◆ **COLLECTED DATA**:

_ _ _ _ _ _ _

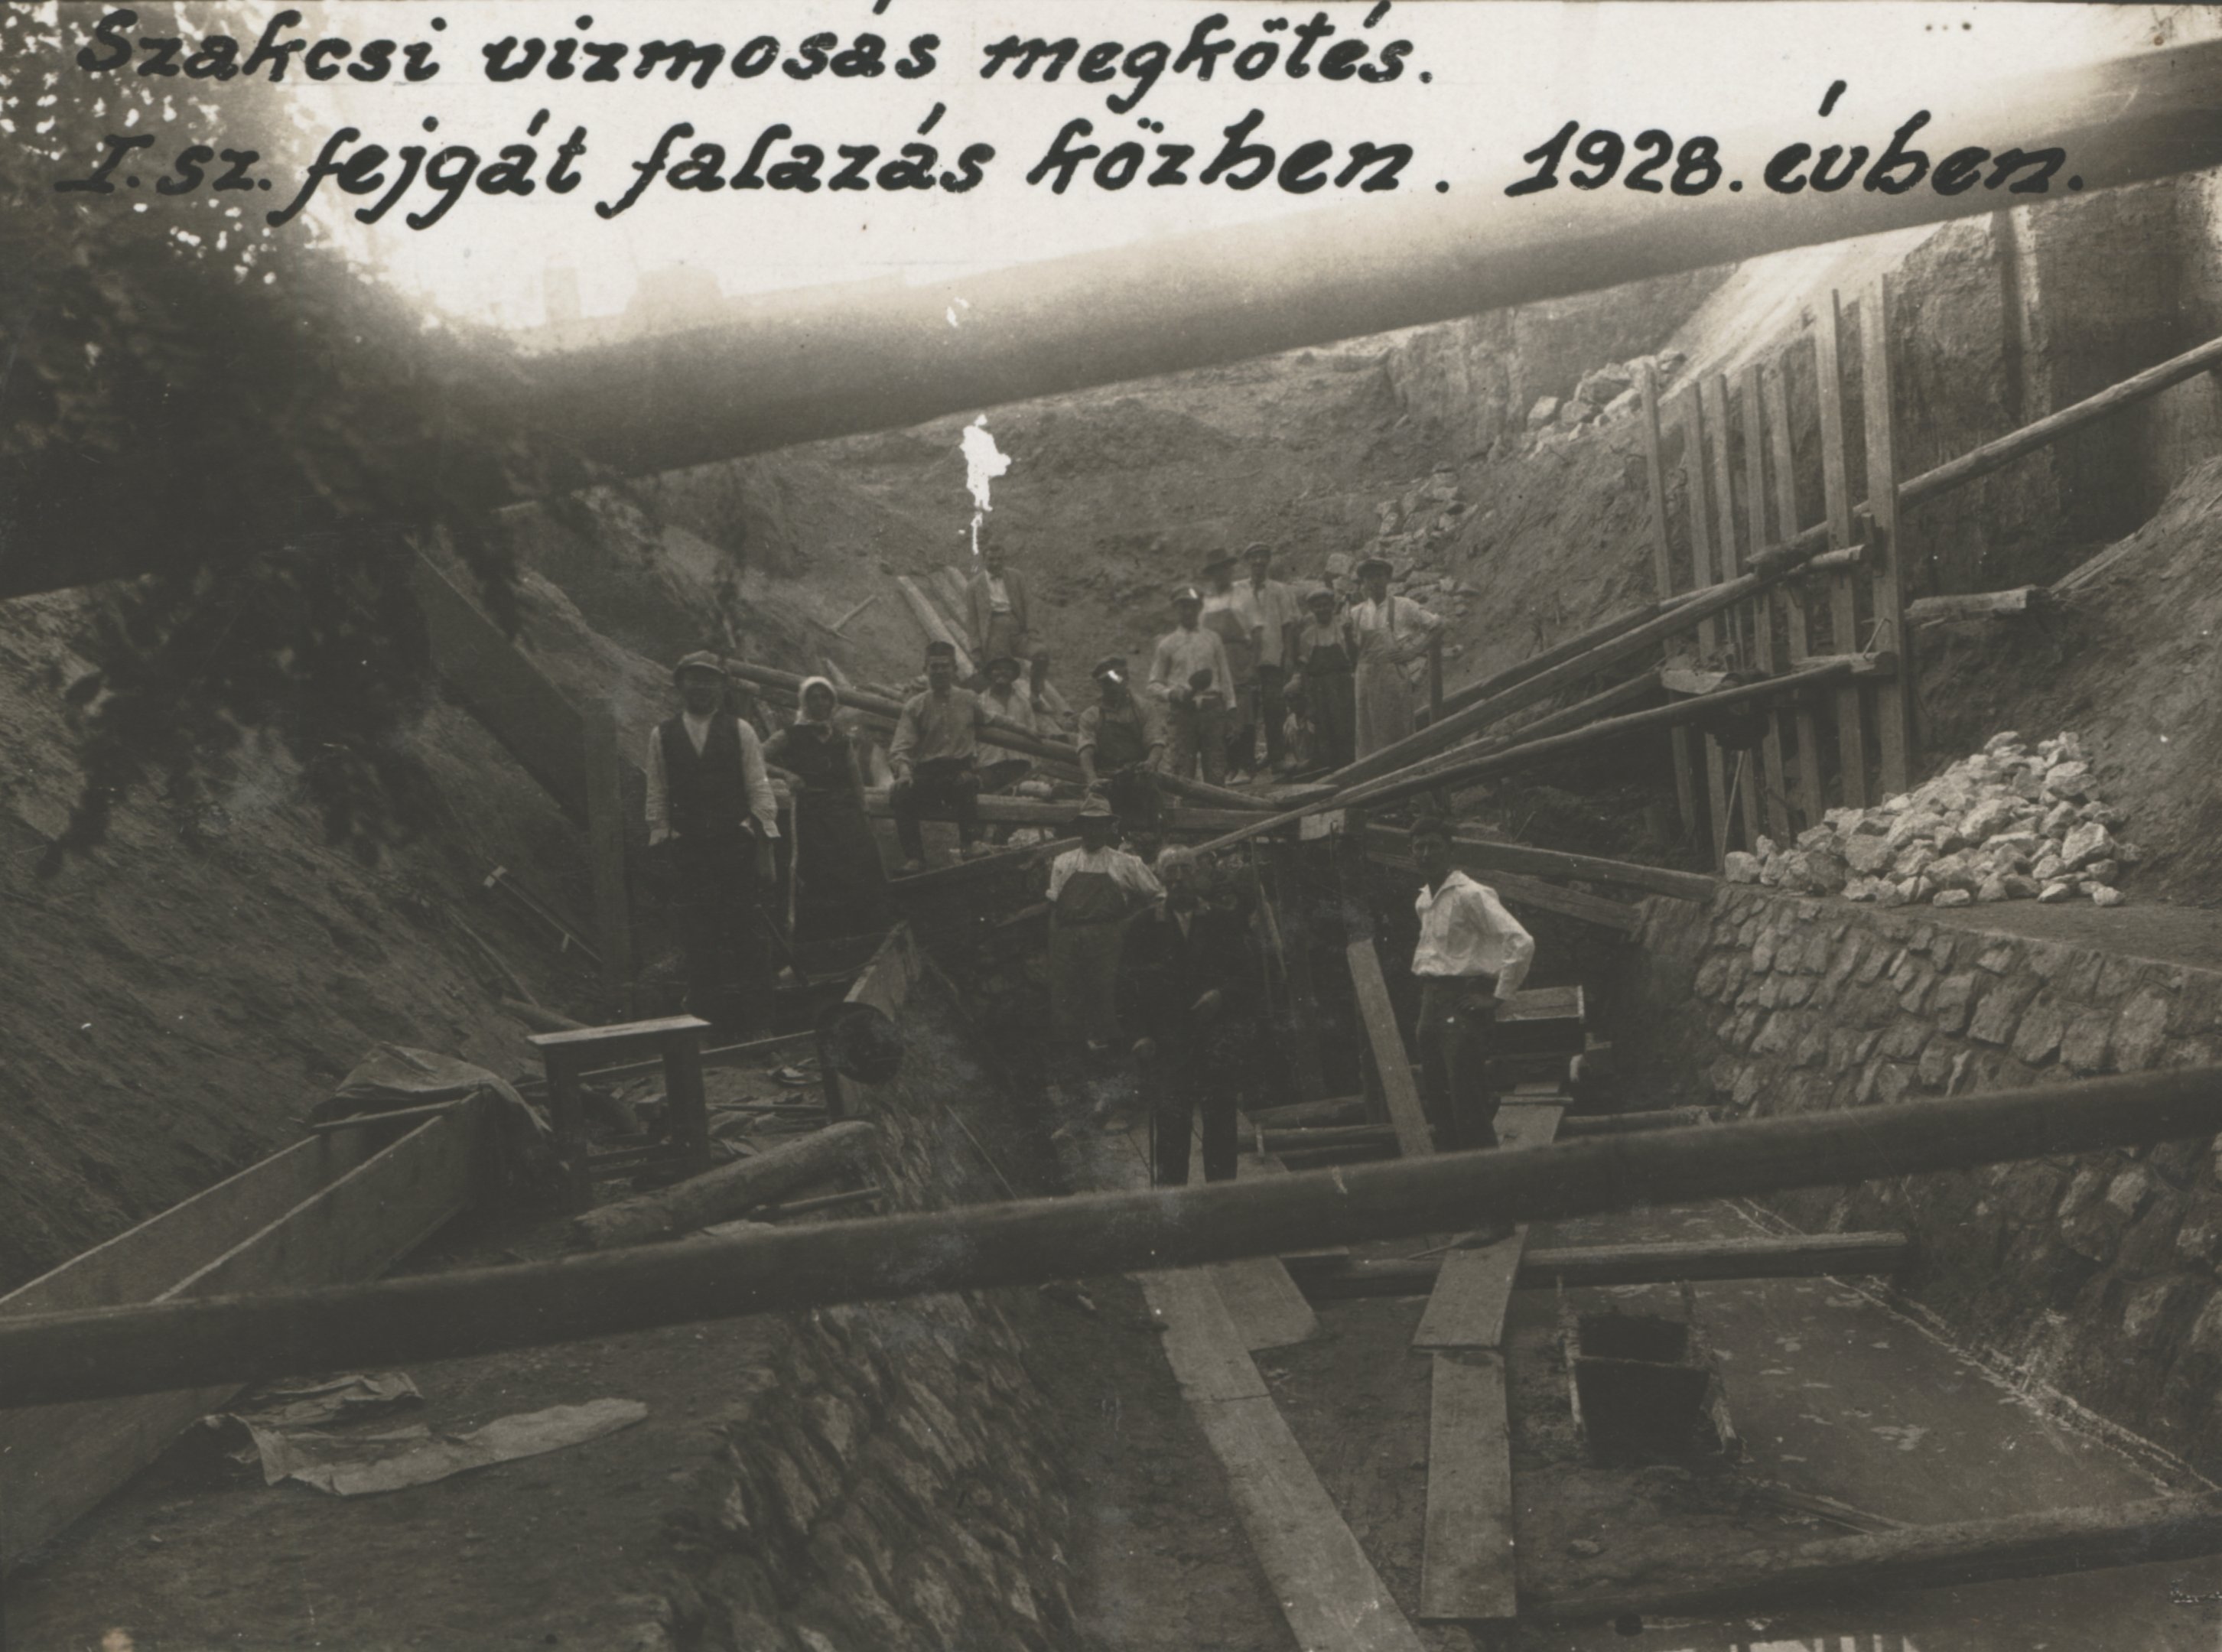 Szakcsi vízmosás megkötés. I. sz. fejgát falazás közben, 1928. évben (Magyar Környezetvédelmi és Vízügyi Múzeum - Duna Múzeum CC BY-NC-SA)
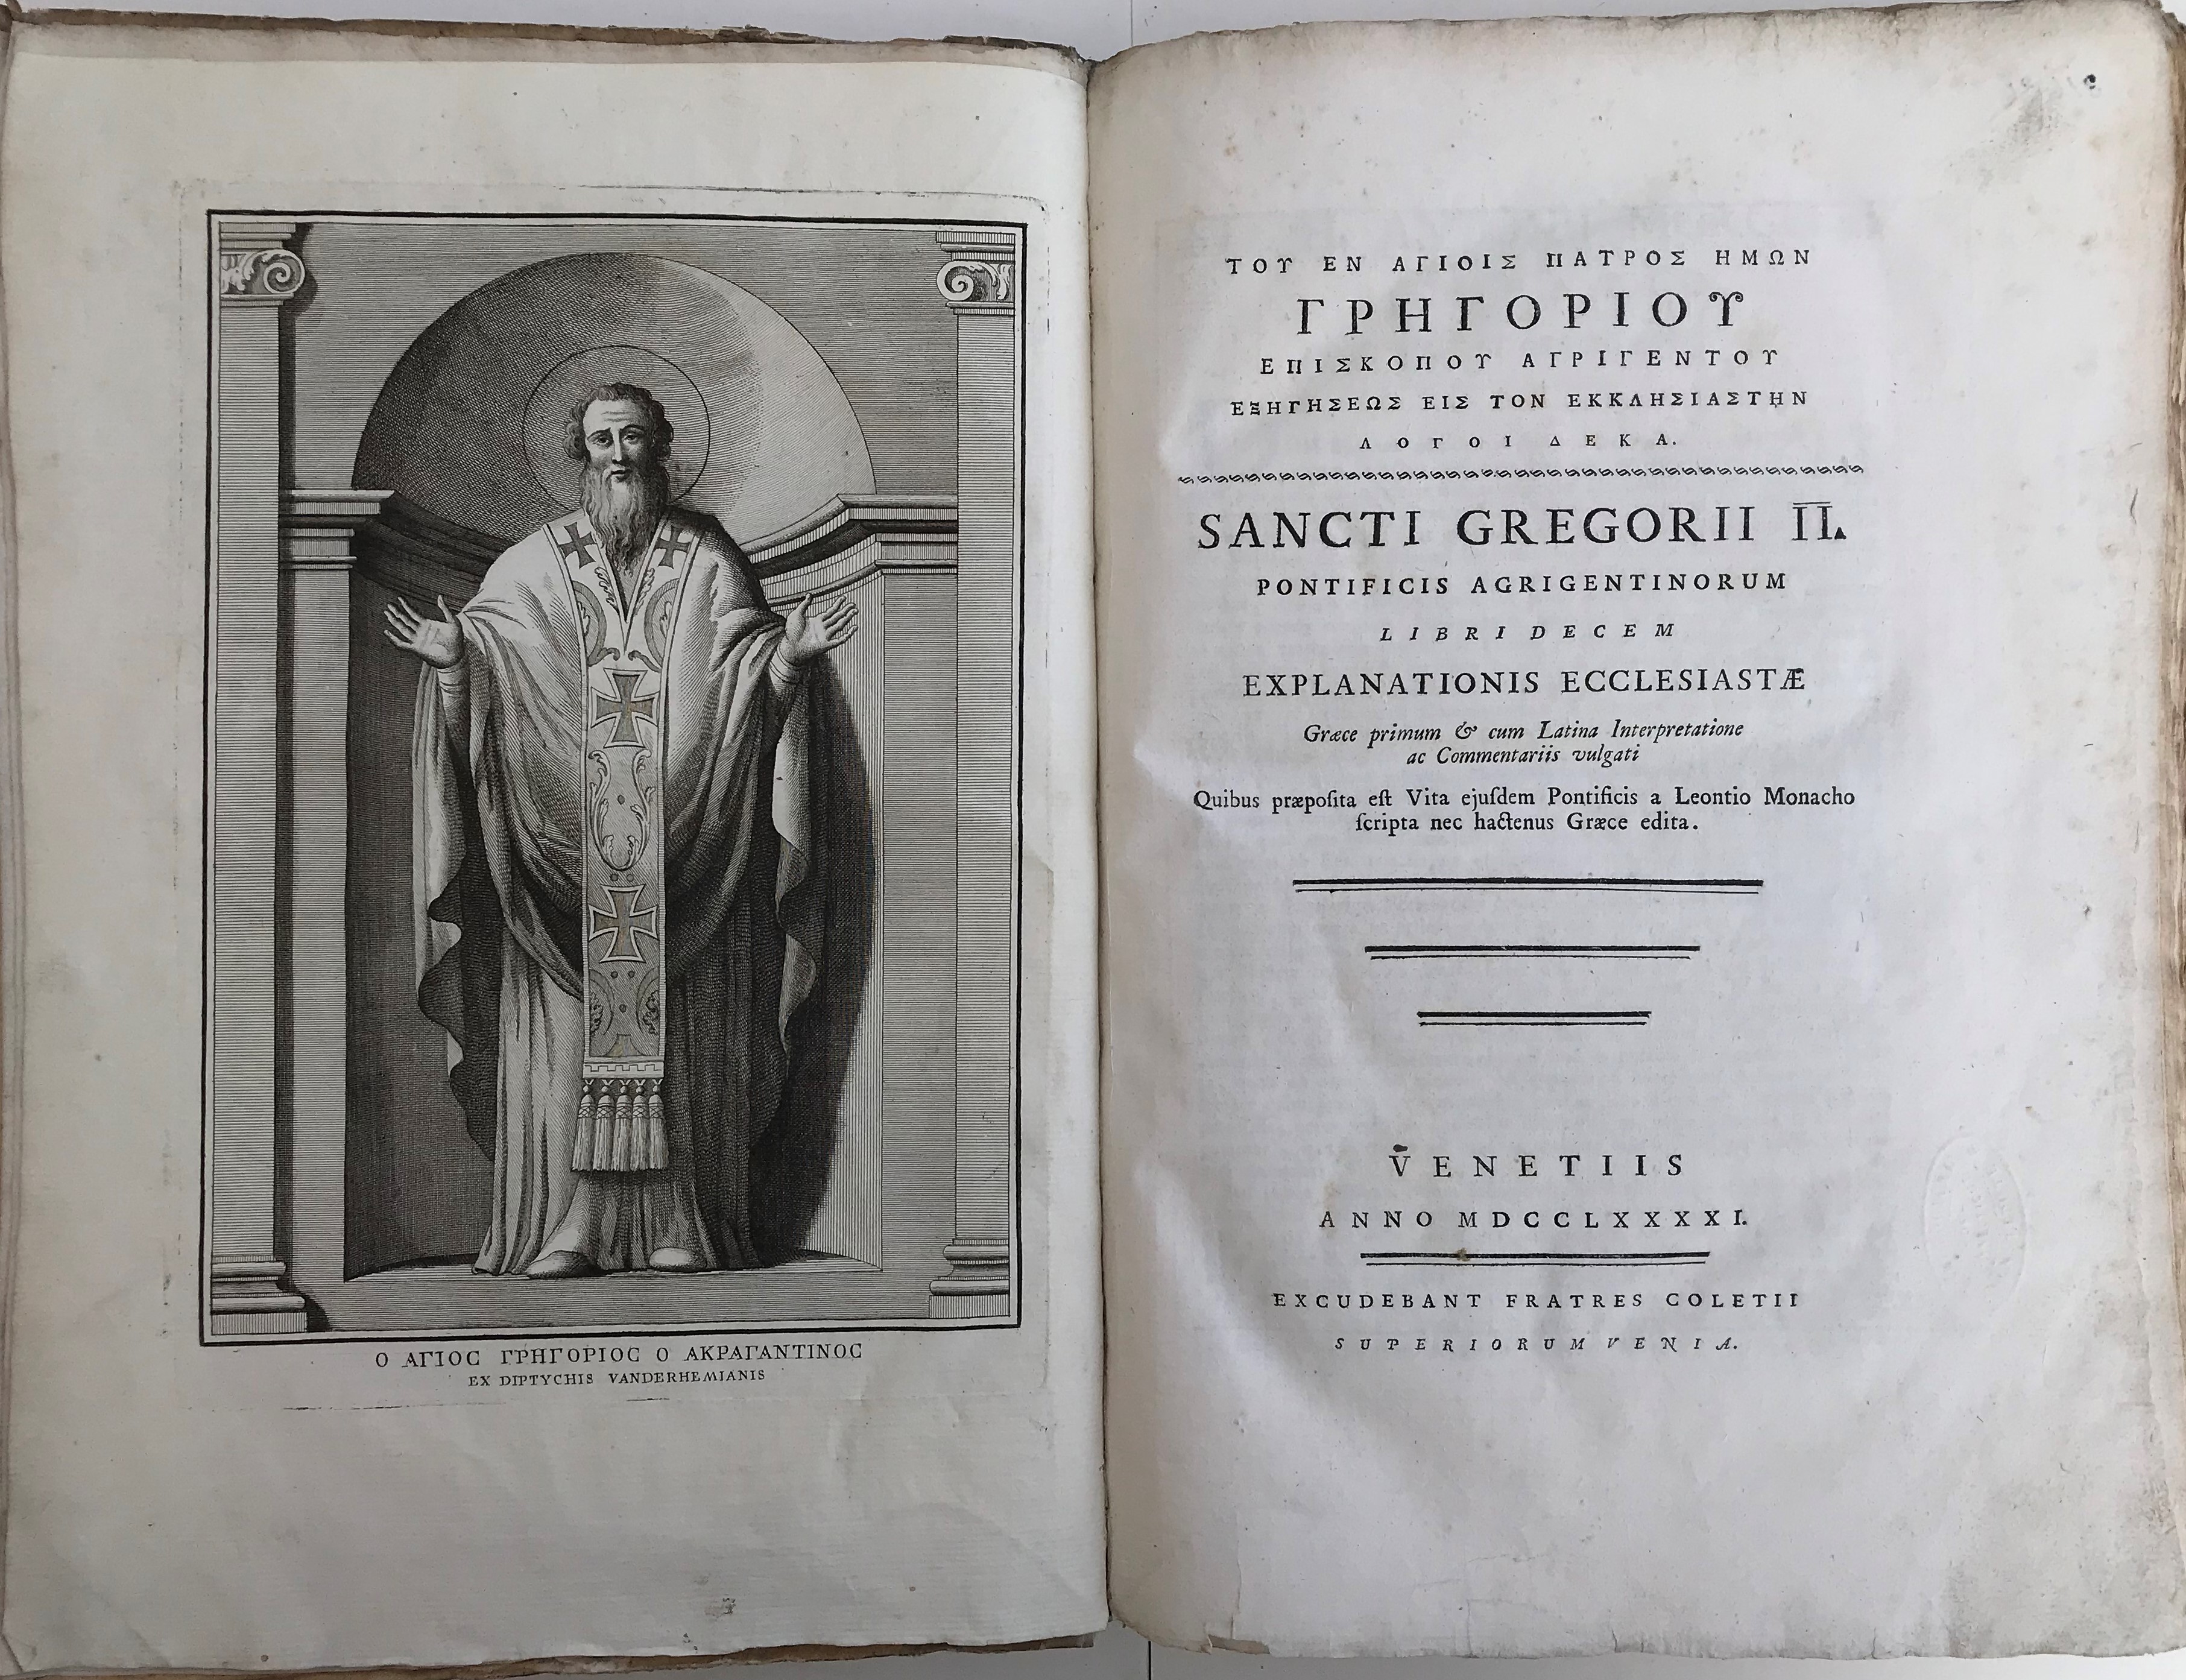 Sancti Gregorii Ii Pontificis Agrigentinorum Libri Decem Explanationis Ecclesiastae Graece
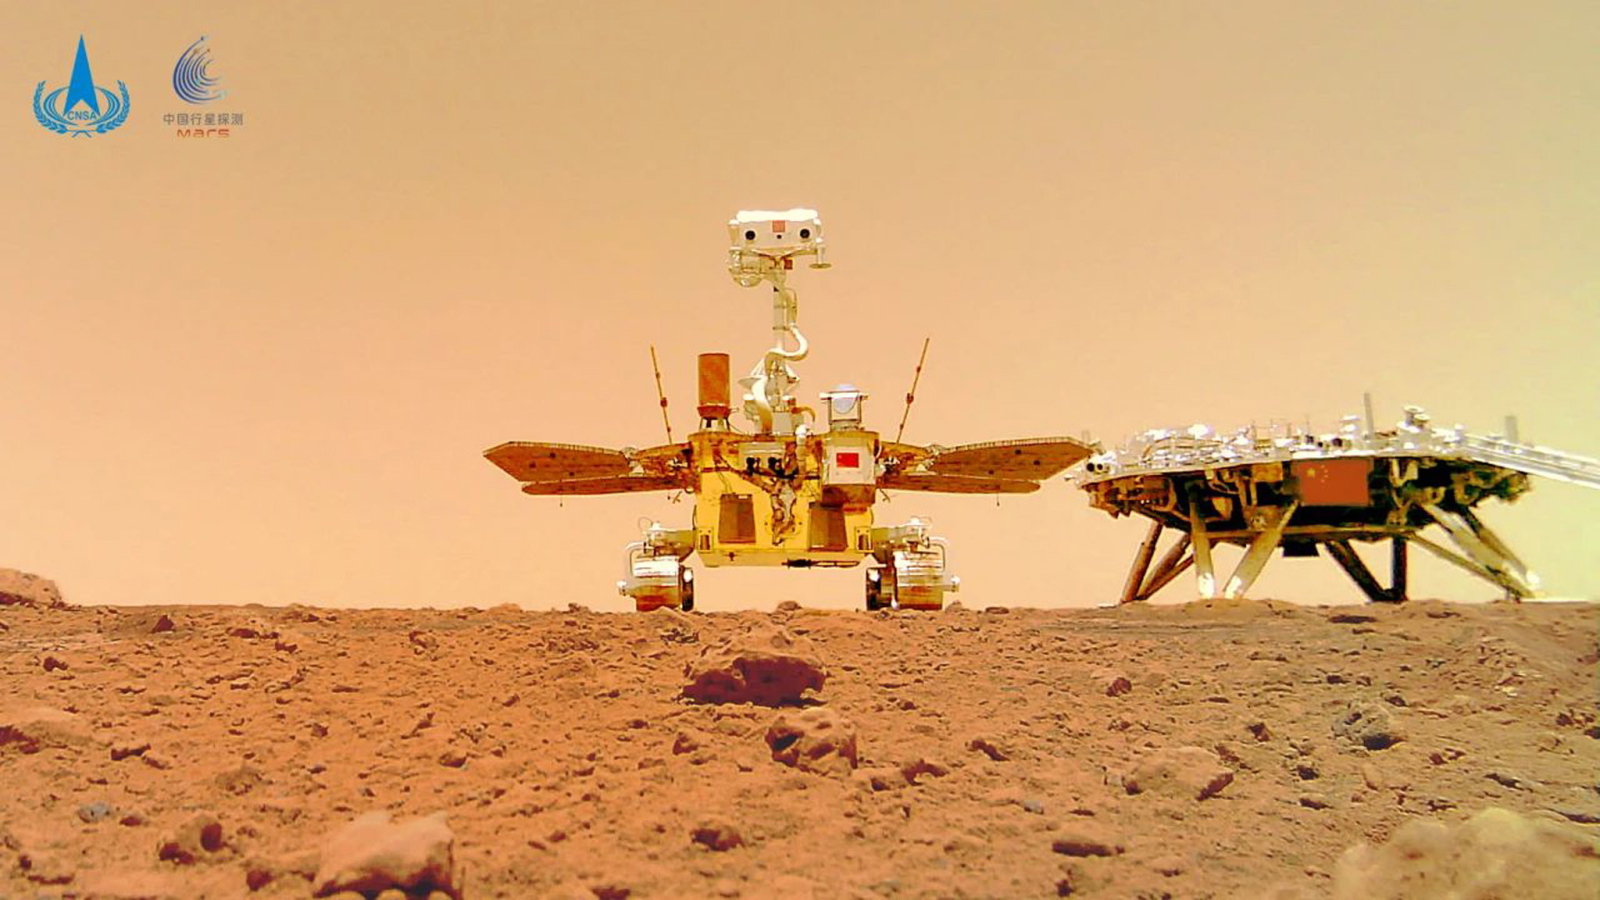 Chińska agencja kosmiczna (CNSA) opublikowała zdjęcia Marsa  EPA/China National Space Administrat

_ _ _ _ _ _ _

◆ **WORK REQUIRED**: Transcribe the whole of the data exactly, minus any pictures.

◆ **TASK RESPONSE**:
 Szakcsi vízmosás megkötés. I. sz. fejgát falazás közben, 1928. évben (Magyar Környezetvédelmi és Vízügyi Múzeum - Duna Múzeum CC BY-NC-SA)
 Sancti Gregorii Ii Pontificis Agrigentinorum Libri Decem Explanationis Ecclesiastae Graece
 Chińska agencja kosmiczna (CNSA) opublikowała zdjęcia Marsa  EPA/China National Space Administrat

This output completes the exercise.